* _WORK TASK_: Everything in the data must be repeated exactly, apart from the pictures, which are left out.

* _DATASET CONTENT_:
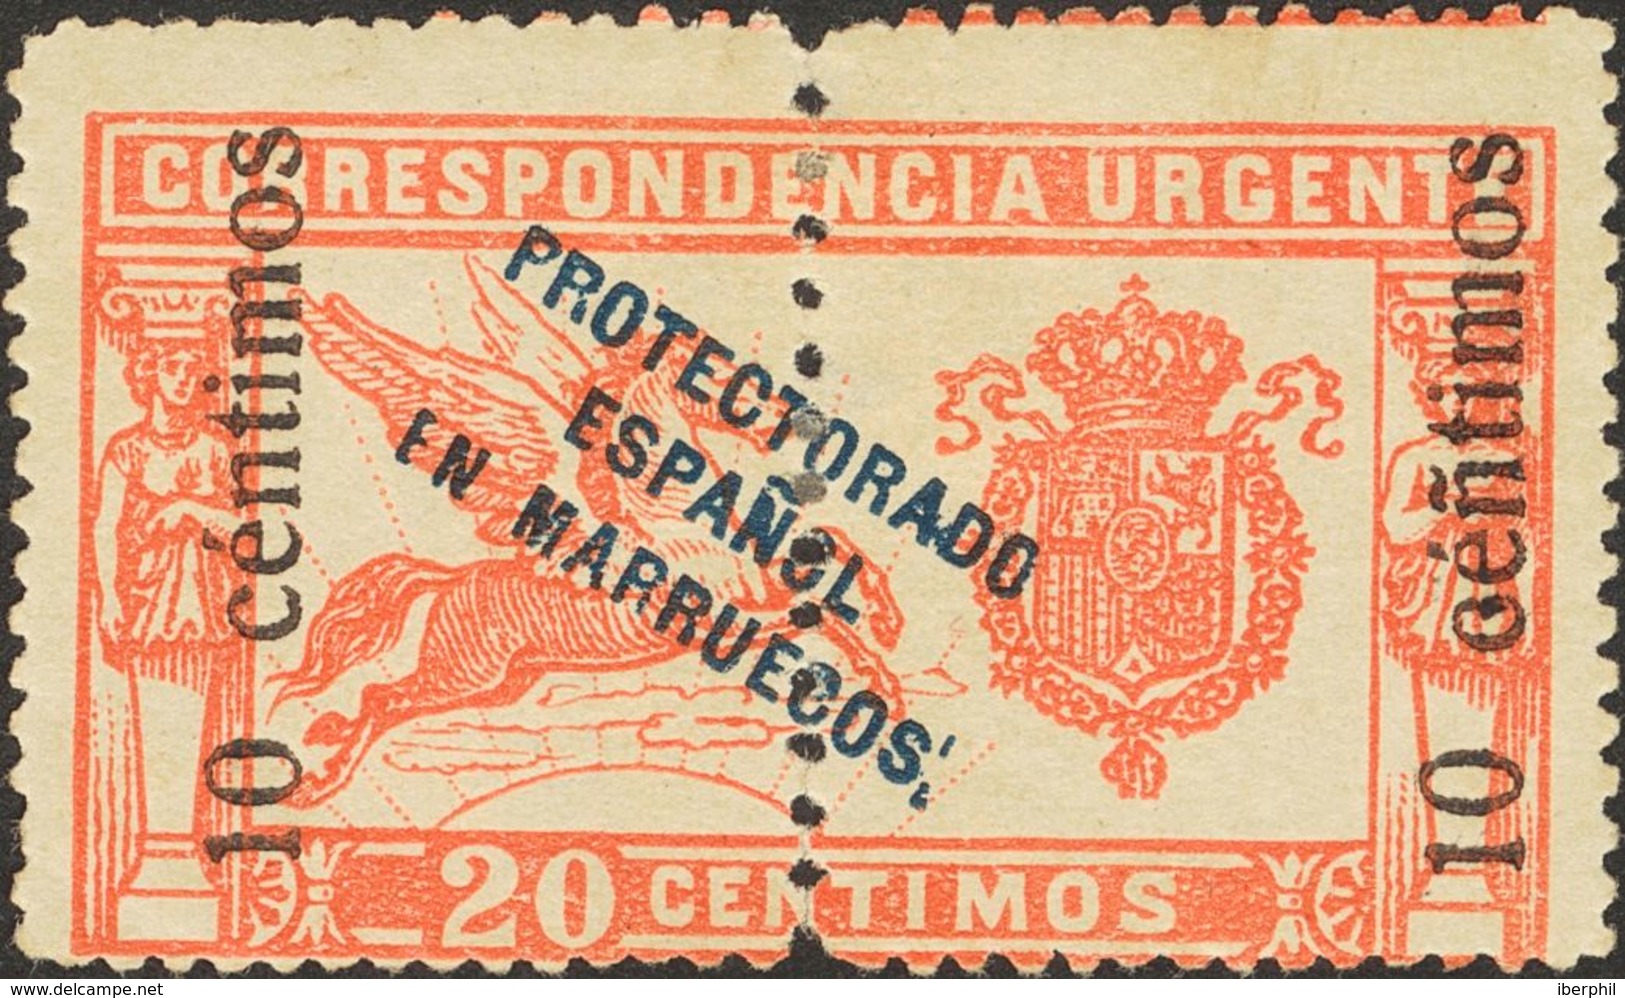 Marruecos. * 66hed 1920. 10 Cts Sobre 20 Cts Rojo. Variedad "Ñ" EN LUGAR DE "N" EN CENTIMOS. MAGNIFICO. 2013 255. - Marruecos Español
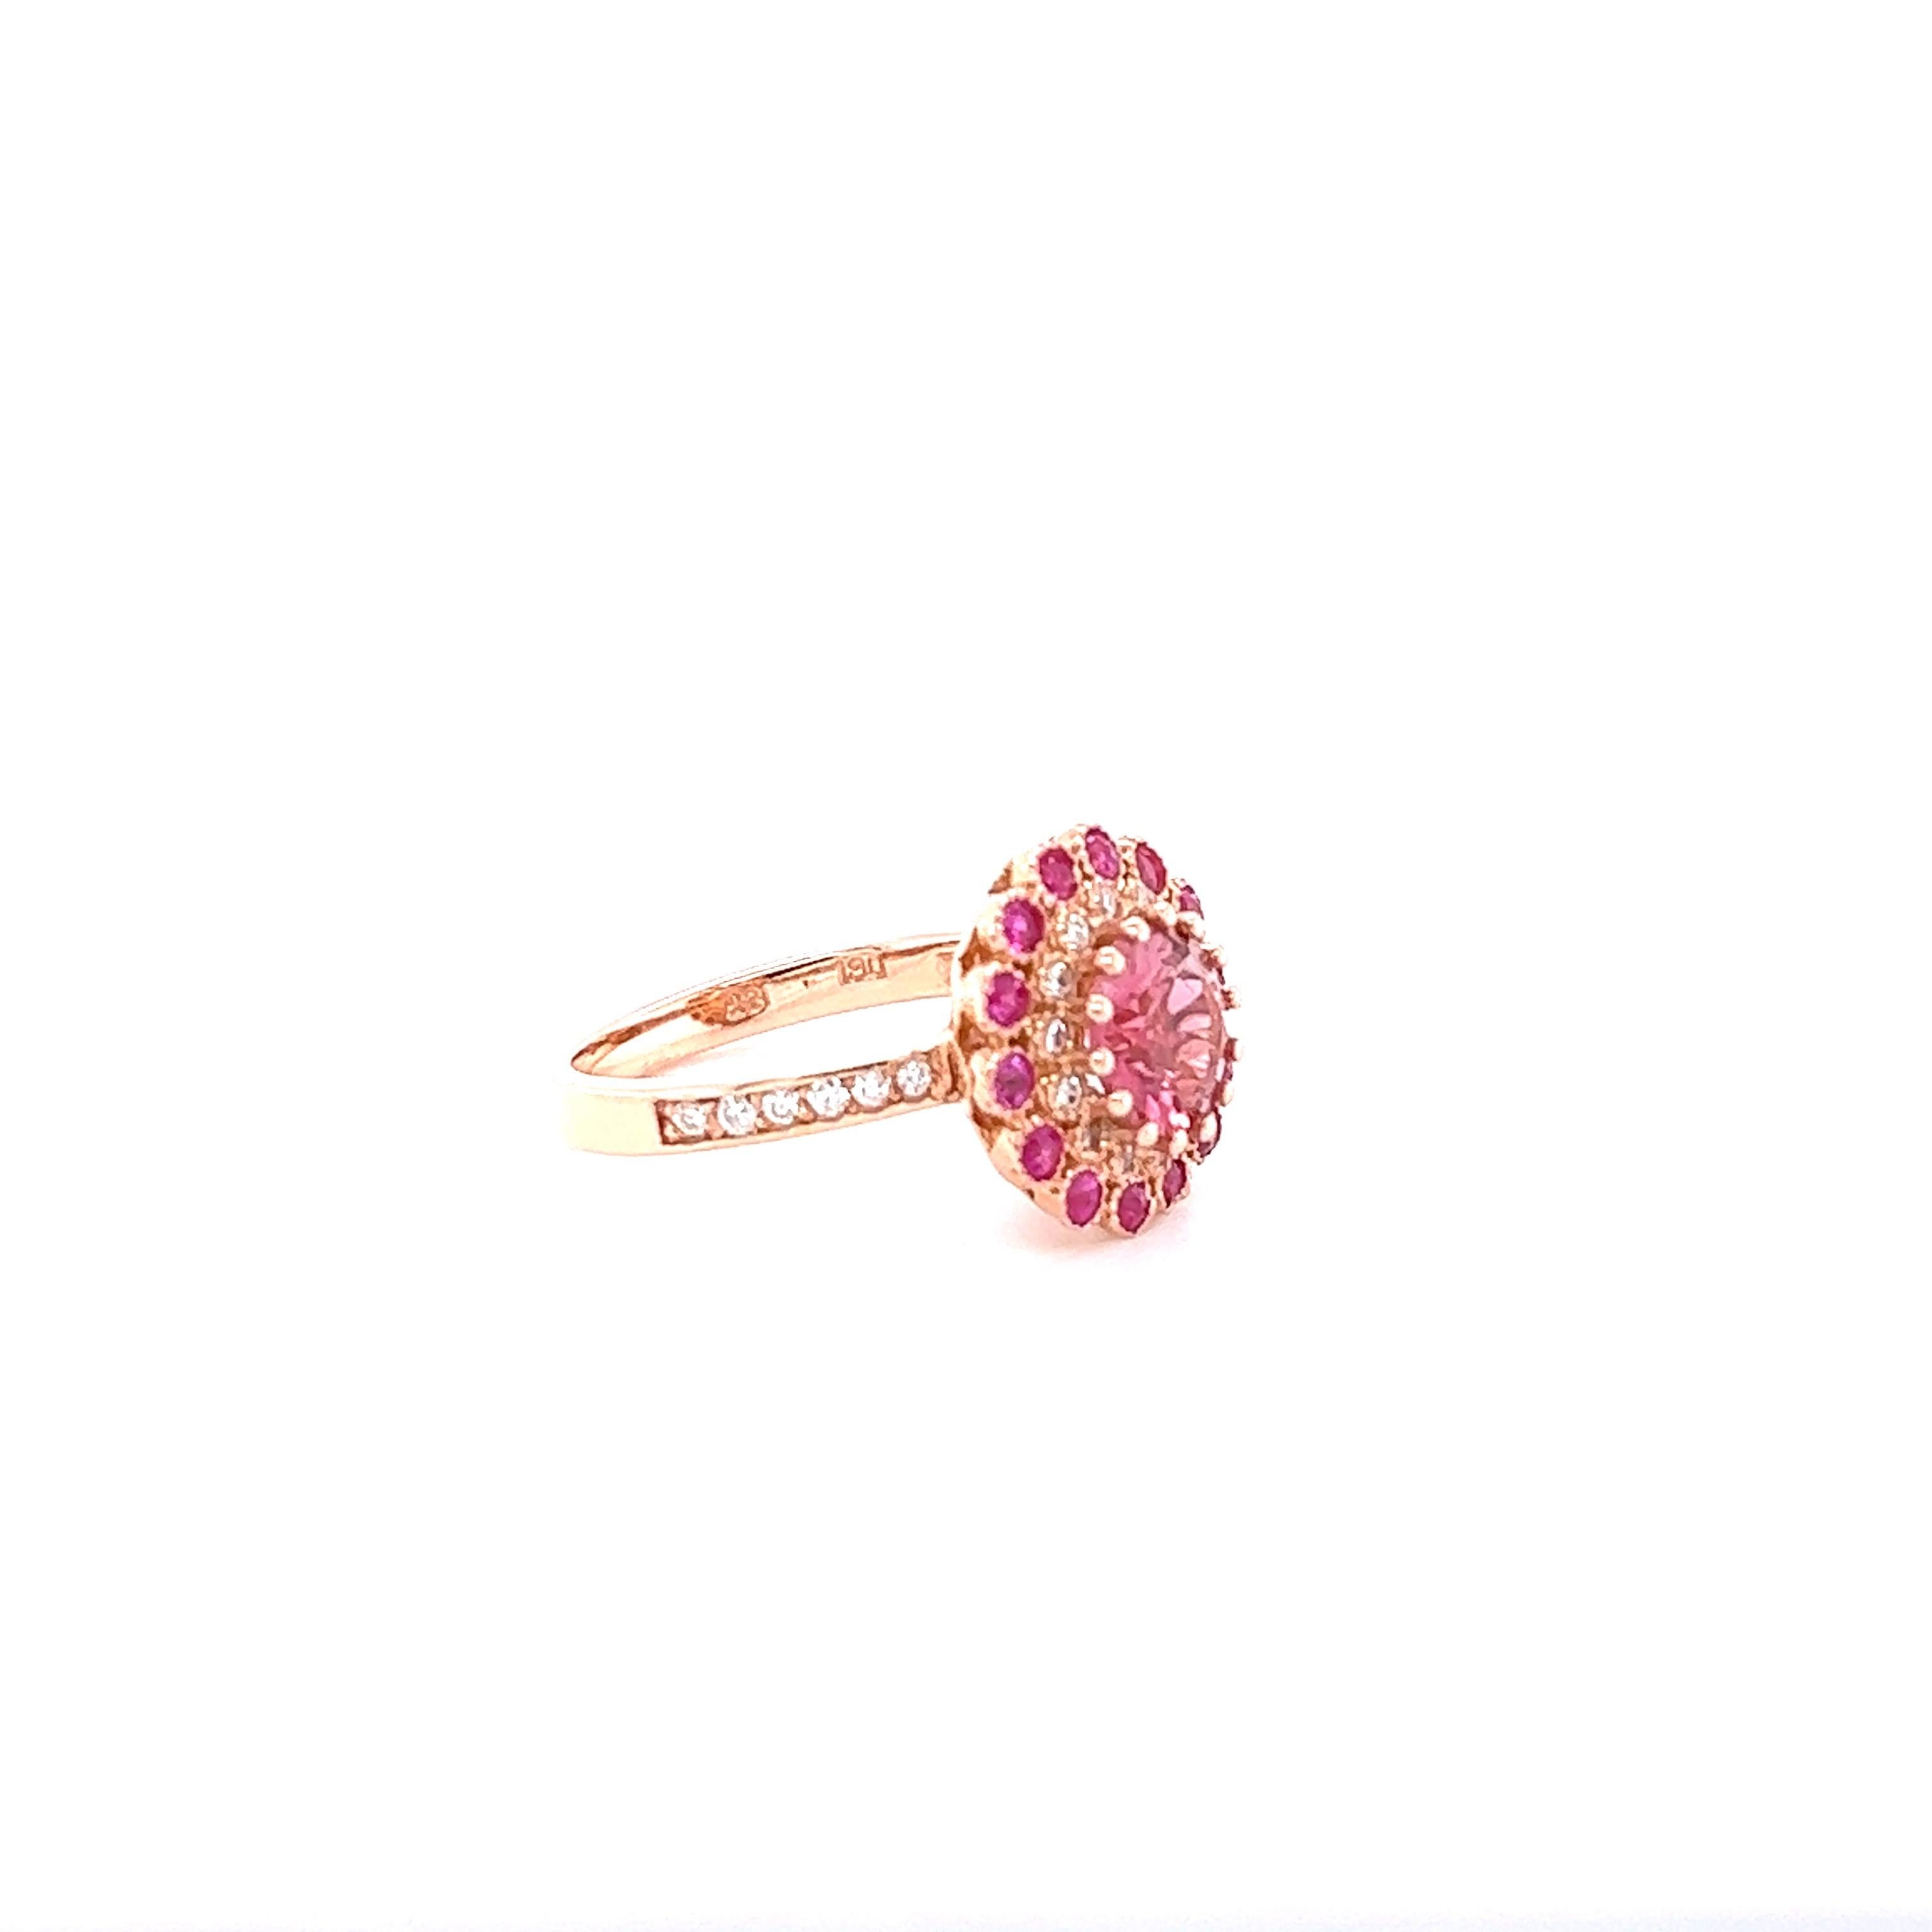 Diese Schönheit hat einen runden Schliff rosa Turmalin in der Mitte des Rings, die 1,79 Karat wiegt und misst bei 8 mm gesetzt.  Er ist umgeben von 14 rosa Saphiren im Rundschliff mit einem Gewicht von 0,54 Karat und 26 Diamanten im Rundschliff mit
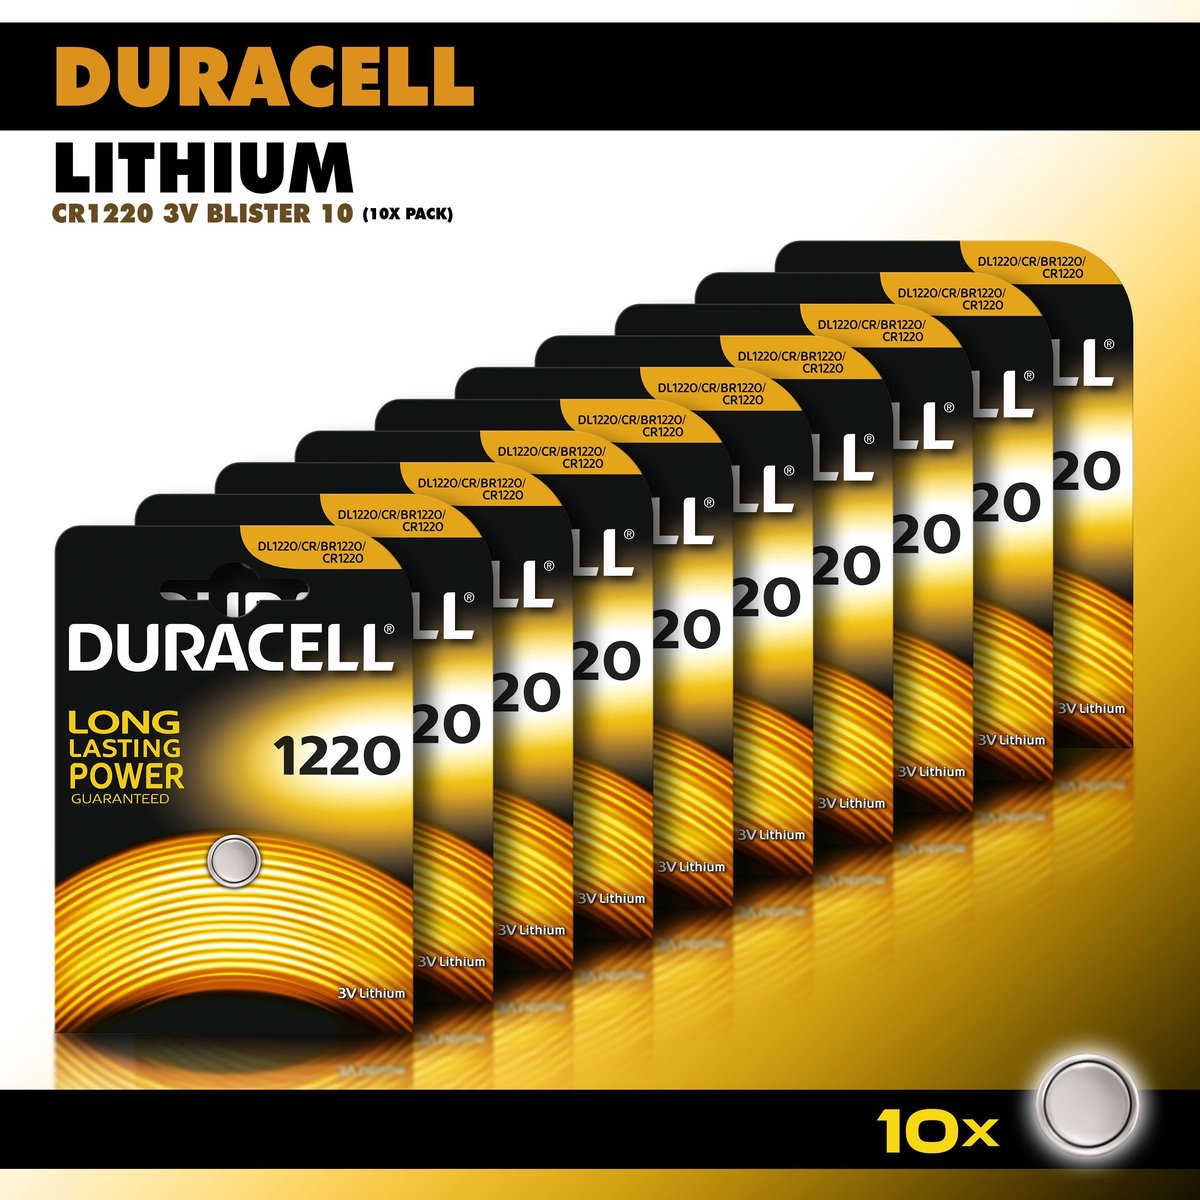 Duracell CR2450 Pile bouton au lithium - 3V - 1 pièce
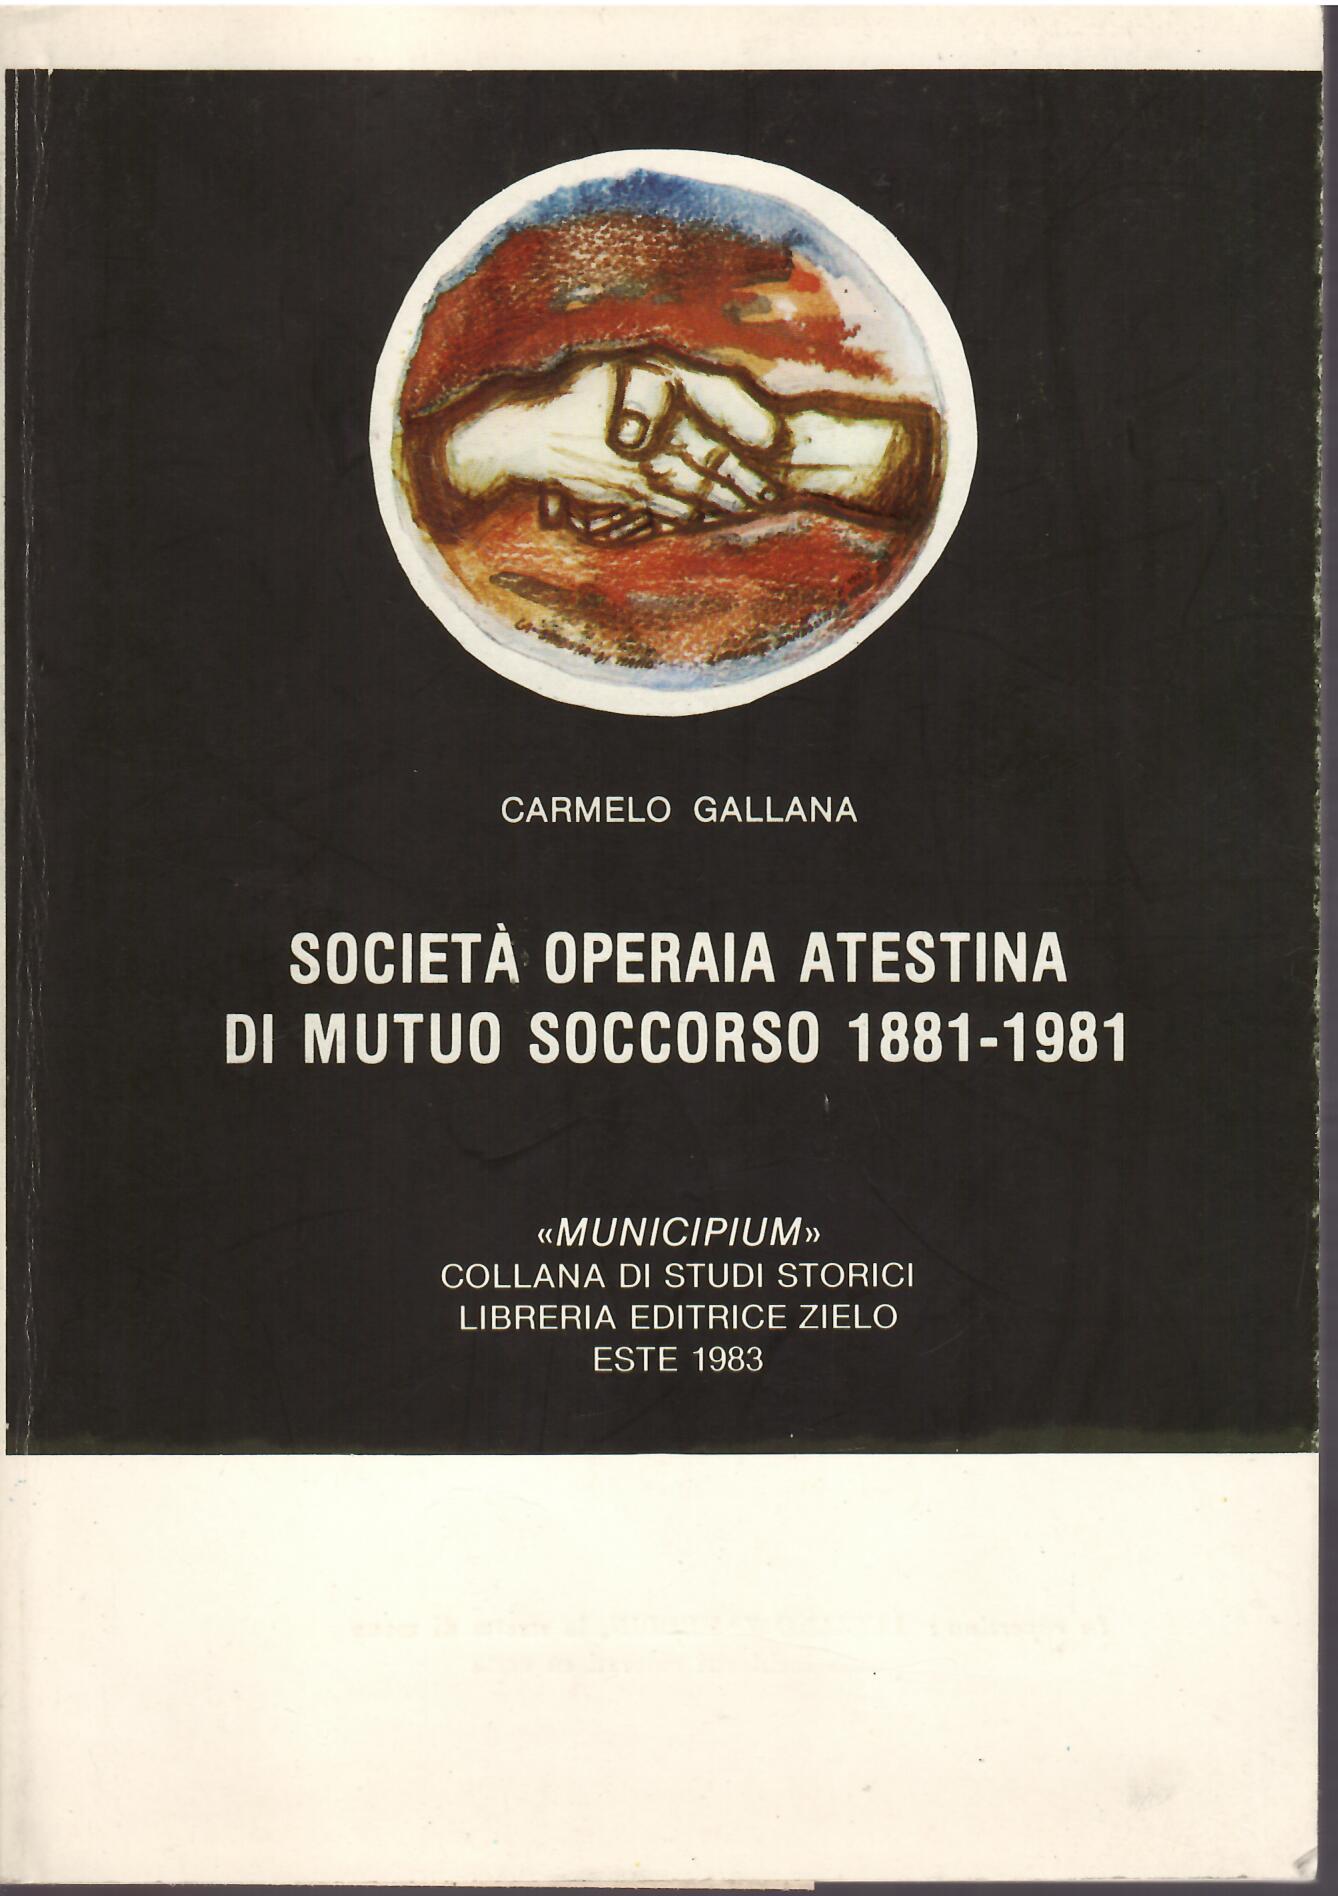 SOCIETA' OPERAIAATESTINA DI MUTUO SOCCORSO 1881 - 1981

* _WRITTEN ANSWER_:
 Marruecos. * 66hed 1920. 10 Cts Sobre 20 Cts Rojo. Variedad "Ñ" EN LUGAR DE "N" EN CENTIMOS. MAGNIFICO. 2013 255. - Marruecos Español
 Diese Schönheit hat einen runden Schliff rosa Turmalin in der Mitte des Rings, die 1,79 Karat wiegt und misst bei 8 mm gesetzt.  Er ist umgeben von 14 rosa Saphiren im Rundschliff mit einem Gewicht von 0,54 Karat und 26 Diamanten im Rundschliff mit
 Duracell CR2450 Pile bouton au lithium - 3V - 1 pièce
 SOCIETA' OPERAIAATESTINA DI MUTUO SOCCORSO 1881 - 1981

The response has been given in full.